Wobei, zur Tubelessmontage kann ich schon etwas sagen: Ging auf meinen Tubelessfelgen relativ problemlos und die 60ml haben gereicht um den Reifen dicht zu bekommen. Das feine an der FRC-Karkasse ist ja, dass sie zwar leicht aber dabei nicht unvernünftig dünn ist.

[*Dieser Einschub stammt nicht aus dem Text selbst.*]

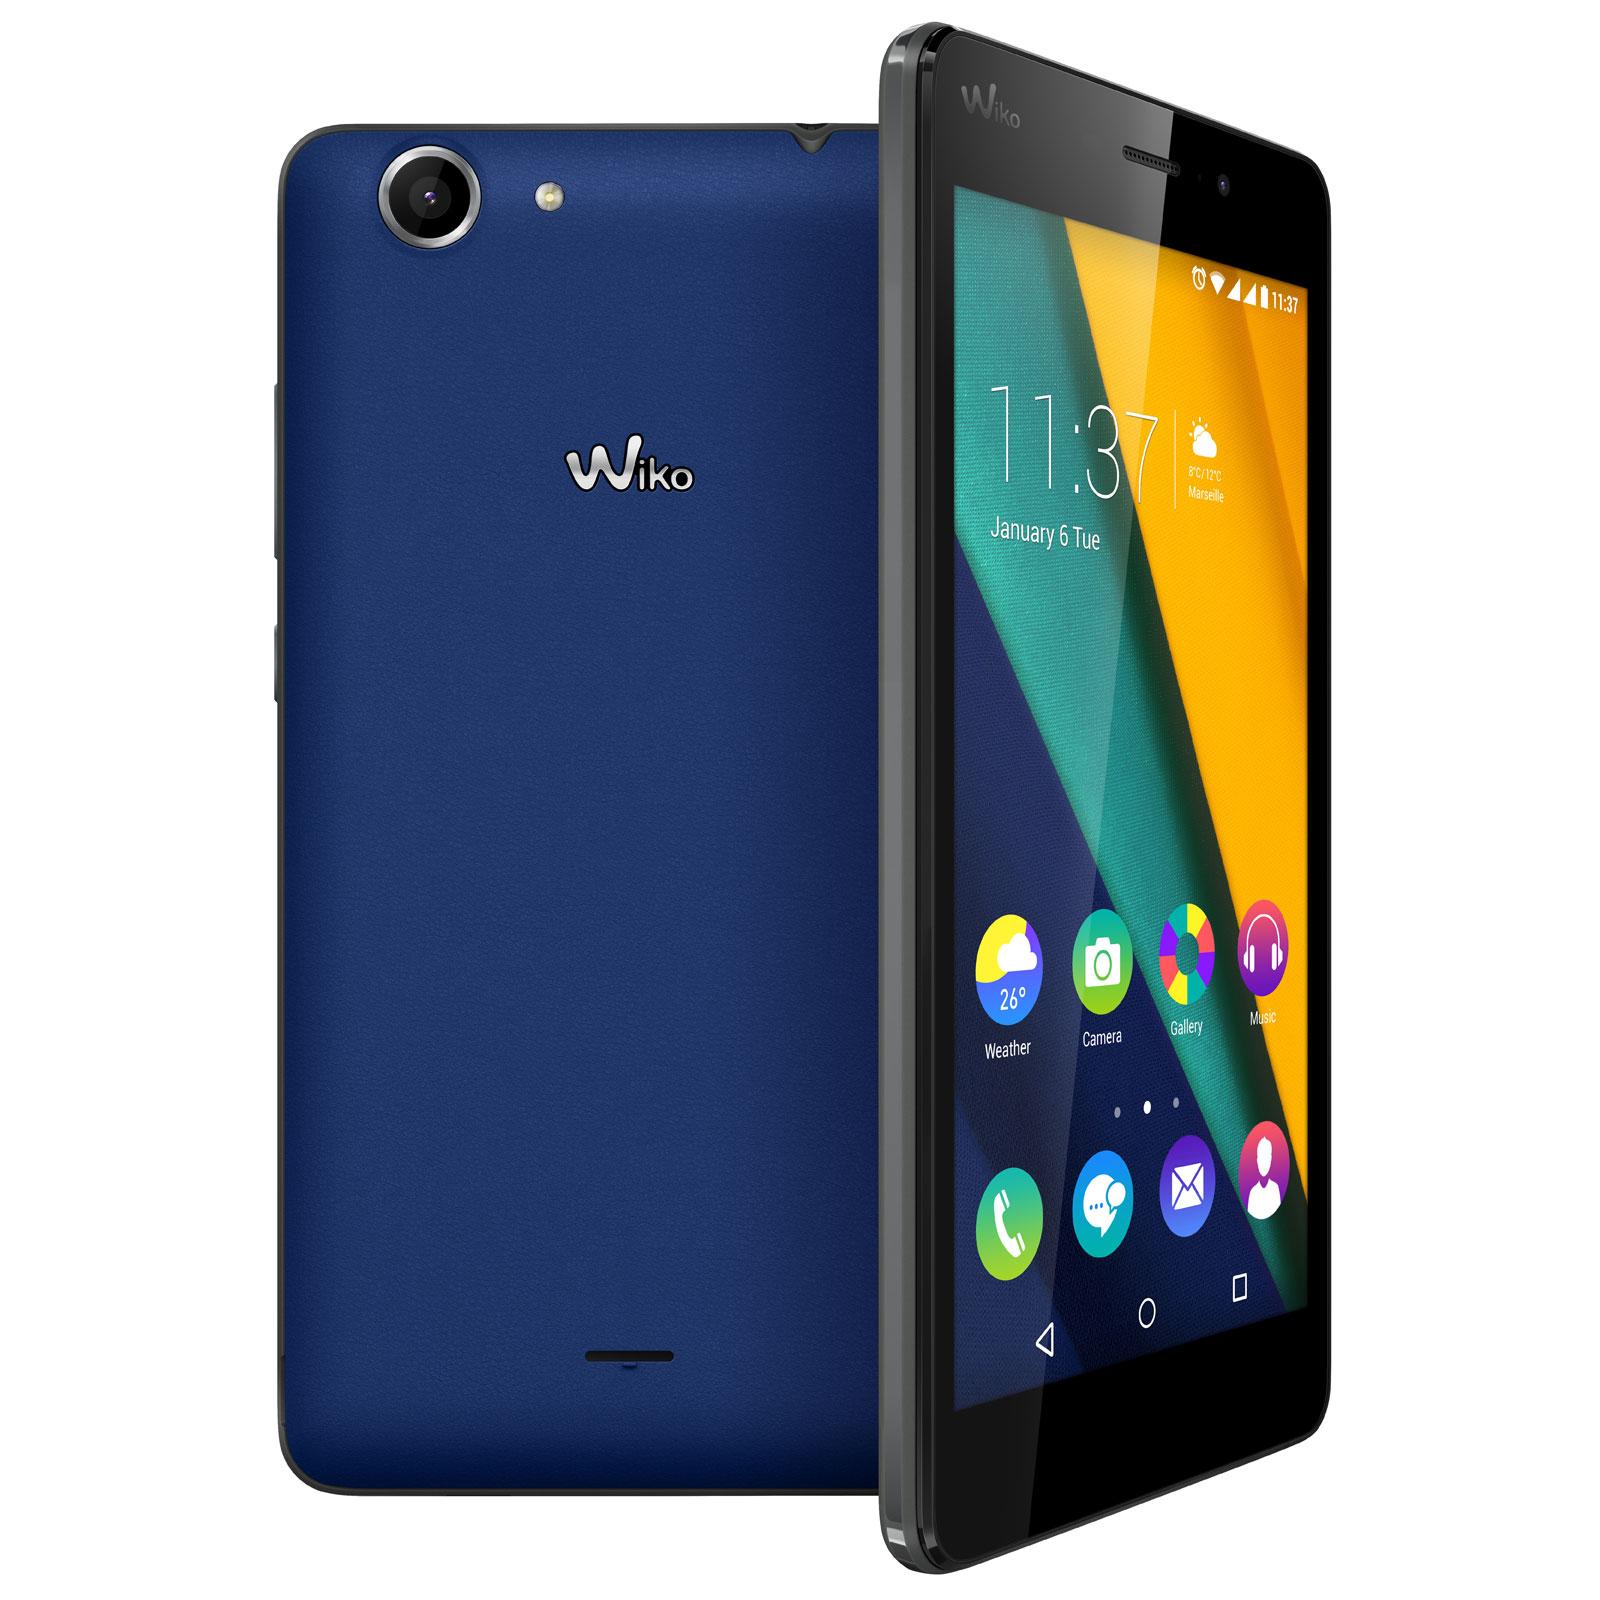 Wiko pulp fab 4g bleu mobile smartphone wiko sur for Photo ecran wiko pulp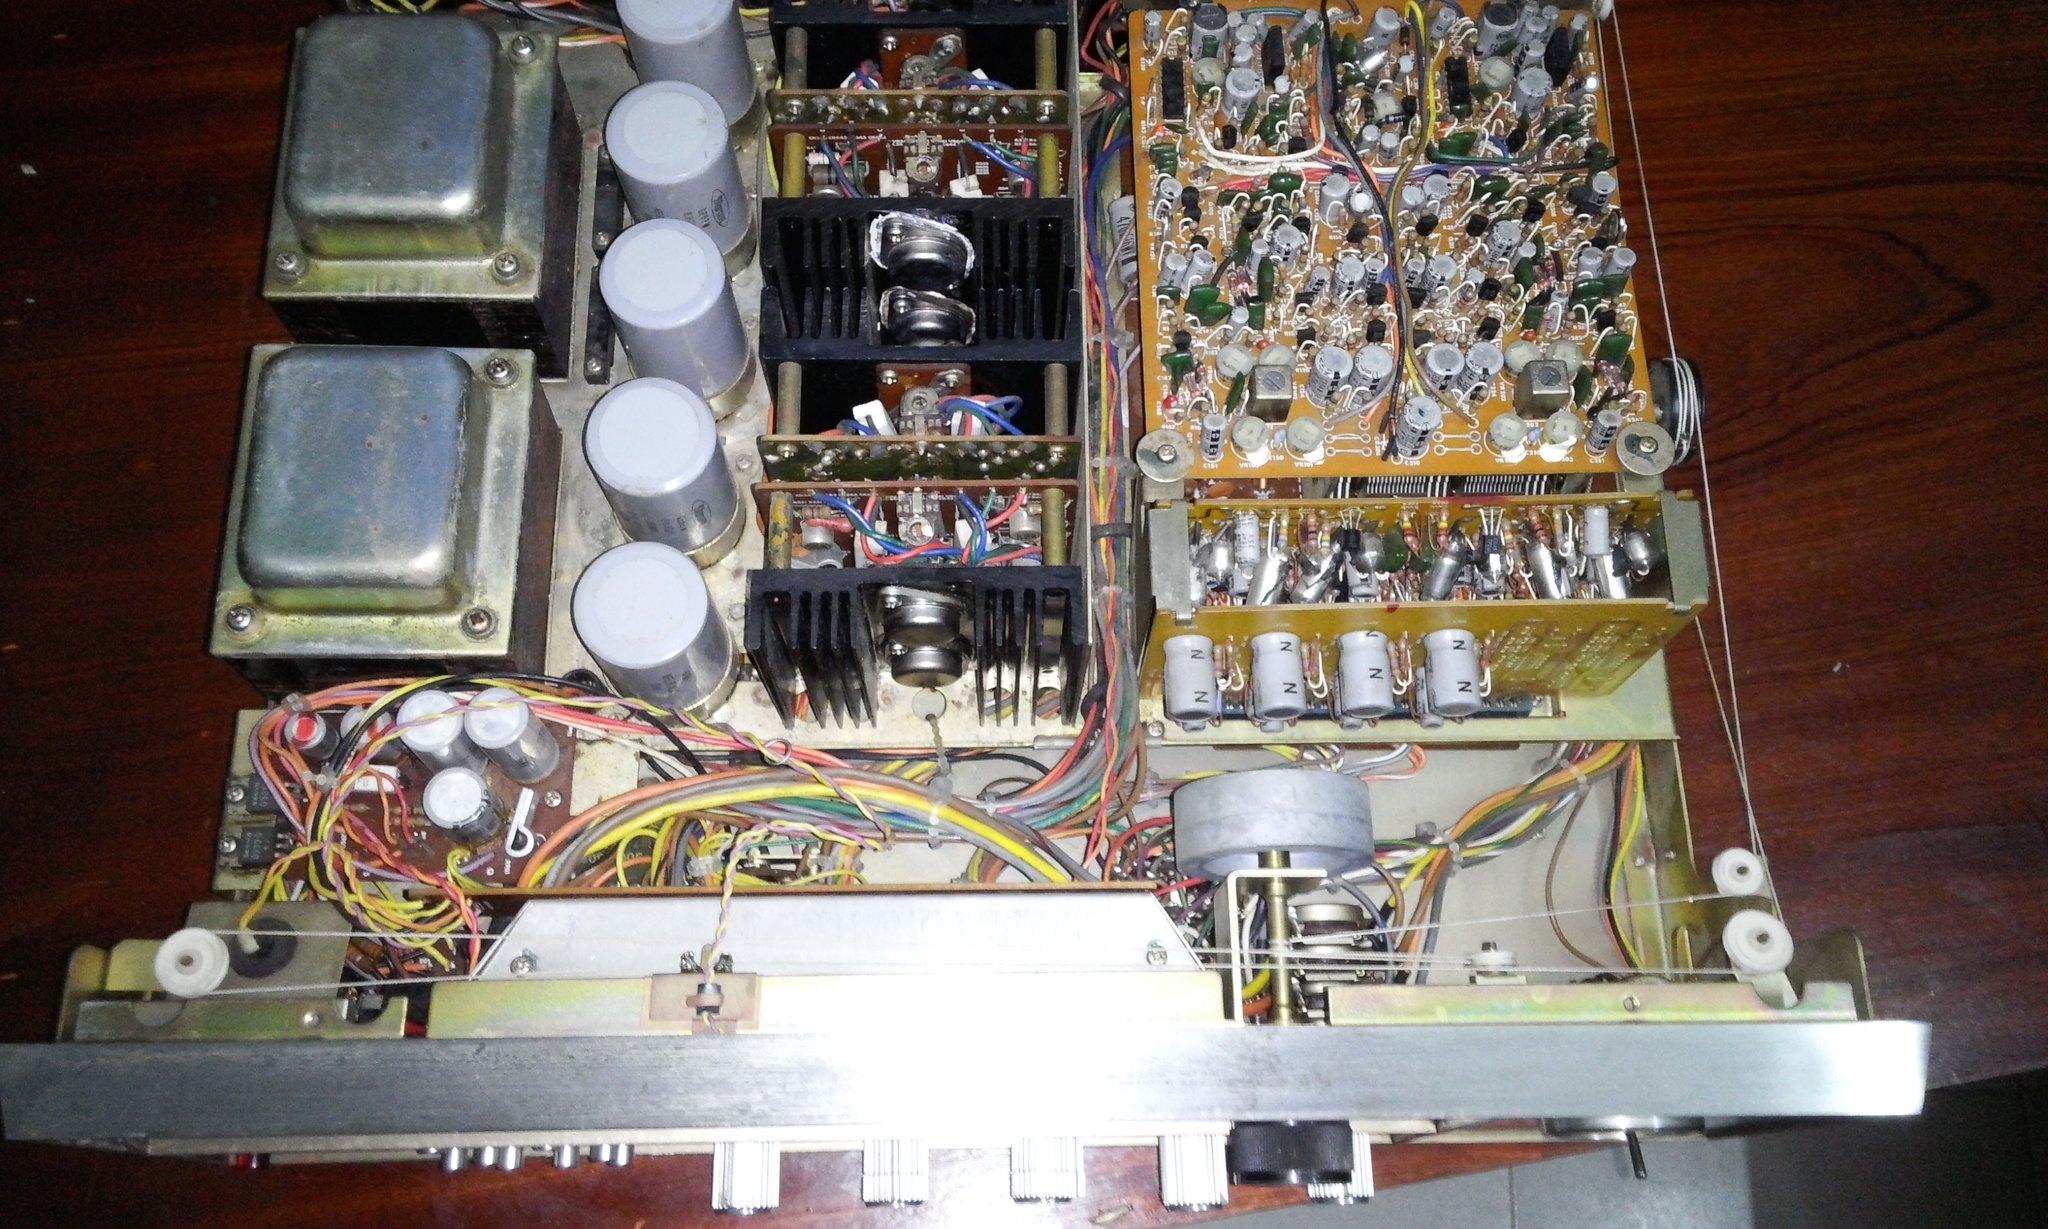 NHO AUDIO-Chuyên loa sub điện -ampli -loa  mỹ -anh - 43

 @joku68: Welche Laufräder hast du denn verbaut? Die Felge schaut breit aus und das weiße Speichenpaar pro Laufrad ist ein netter Blickfang.


----------



## joku68 (17. Juni 2013)

zec schrieb:


> @_joku68_: Welche Laufräder hast du denn verbaut? Die Felge schaut breit aus und das weiße Speichenpaar pro Laufrad ist ein netter Blickfang.


 
Das sind die von Jü standardmäßig angebotenen SunRinglé Charger Pro (jedenfalls hatte ich die bestellt ).


----------



## zec (18. Juni 2013)

joku68 schrieb:


> Das sind die von Jü standardmäßig angebotenen SunRinglé Charger Pro (jedenfalls hatte ich die bestellt ).


Lustig, was das simple Entfernen der Sticker bewirkt - die Laufräder schauen auf einmal richtig gut aus  .


----------



## zec (6. Juli 2013)

hasardeur schrieb:


> Wie macht sich der Canis denn bergab und auf dem Trail so?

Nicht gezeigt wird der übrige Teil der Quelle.